Does anyone know anything about these two new schools that are opening in September? 

Any information would be really helpful. 

Thank you in advance


----------



## norampin (Dec 8, 2012)

Yup do a search on here. I posted some bits. We had a place at repton but have since dropped it in favour of bsak.

Too expensive amd each year it increase.


----------



## Hollygolightly (May 20, 2013)

Thanks Norampin. I just found a post. I have only received two offers as we are so late in the year.
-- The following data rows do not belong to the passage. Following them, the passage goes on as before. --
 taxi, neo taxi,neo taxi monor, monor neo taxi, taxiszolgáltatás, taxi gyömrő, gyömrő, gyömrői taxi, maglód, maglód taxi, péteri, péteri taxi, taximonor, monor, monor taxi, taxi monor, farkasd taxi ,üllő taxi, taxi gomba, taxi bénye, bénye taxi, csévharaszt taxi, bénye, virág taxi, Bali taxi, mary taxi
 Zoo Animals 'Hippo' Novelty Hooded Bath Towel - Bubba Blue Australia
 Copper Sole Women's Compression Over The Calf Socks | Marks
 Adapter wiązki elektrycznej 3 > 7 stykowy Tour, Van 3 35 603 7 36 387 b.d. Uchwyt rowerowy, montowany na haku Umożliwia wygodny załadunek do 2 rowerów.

It's tricky.


----------



## busybee2 (Aug 8, 2013)

Hollygolightly said:


> Hi,
> 
> Does anyone know anything about these two new schools that are opening in September?
> 
> ...


repton is very expensive and will be built on reem but its delayed will be end of sept opening. repton is a uk independant school and is an entrance based and they will also push your child to get the highest grades. gems camridge international is a new sch in baniyas, that will open on time there are many gems schools around the uae, as they are from dxb. its much cheaper.


----------



## busybee2 (Aug 8, 2013)

norampin said:


> Yup do a search on here. I posted some bits. We had a place at repton but have since dropped it in favour of bsak.
> 
> Too expensive amd each year it increase.


lucky you got into bsak, which is a brill sch.


----------